帰れない二人の阿飛のレビュー・感想・評価

帰れない二人(2018年製作の映画)
4.2
贾樟柯監督の最新作。
監督は中国における時代の移り変わりをミクロな視点で捉えることが非常に上手な方だと思います。最初の作品「一瞬の夢(小武)」からそうです。
特に人の寂しさ、時代が移り変わることの寂しさと人間が本来的に持っている寂しさと、両方を丁寧に描写しています。本作でもそれを感じました。
国内のことをここまで丁寧に視ている監督がいるでしょうか。中国はこの点において幸せだと感じます。

主演の赵涛(Zhao Tao)は監督の奥さんなのですが、その目線も感じられるのが好きです。
トラン・アン・ユン監督とトラン・ヌー・イエン・ケーに似たものを感じます。視線の暖かさは似ているのに、生み出されるのは全く別物の映像だというのもまた面白いです。

ただ時代の移り変わりに囚われているからか、三峡ダムフェティッシュがたまに爆発していると感じるのは私だけでしょうか?

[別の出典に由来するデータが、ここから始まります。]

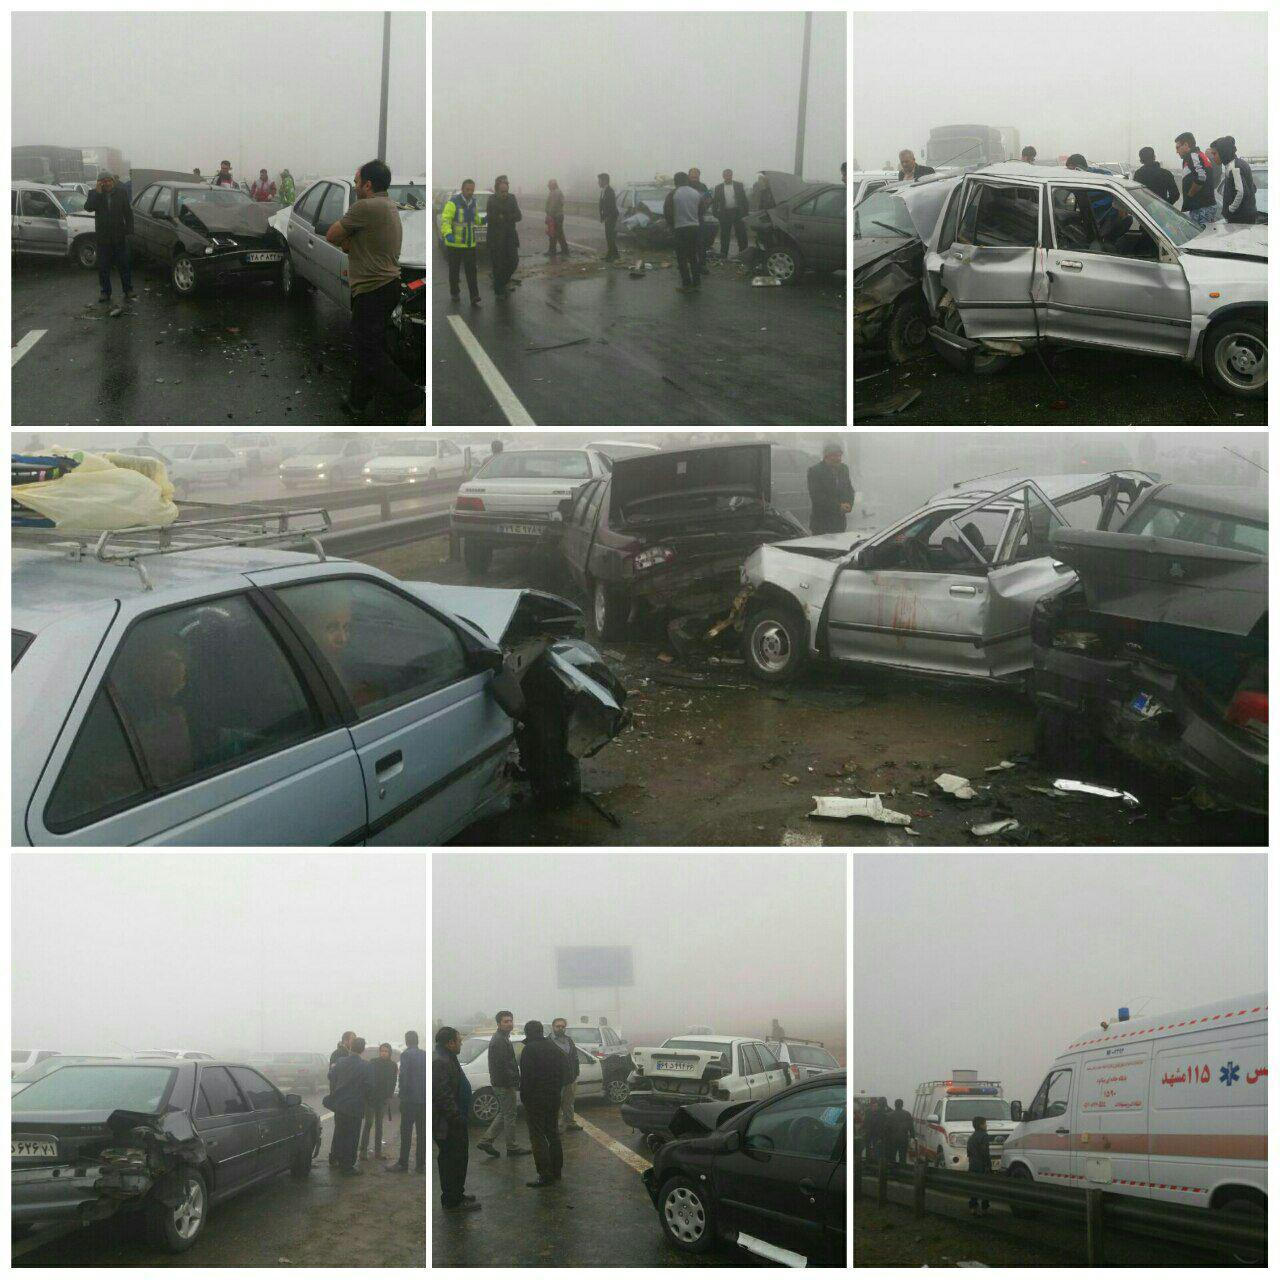   تصاویر وحشتناک از تصادف زنجیره ای 130 خودرو در مشهد

山河ノスタルジアにもあった、一昔前の中国の地方都市のディスコで更に一昔前の曲に合わせて踊っているシーンから漂う世の果て感が癖になりそうな中毒性があります。

「當愛情已經桑田滄海
是否還有勇氣去愛」
(愛は移ろうものと知って
それでもまだ愛し続ける勇気があるか)
迪克牛仔の「有多少愛可以重來」のどストレートな歌詞が刺さる、良い作品です。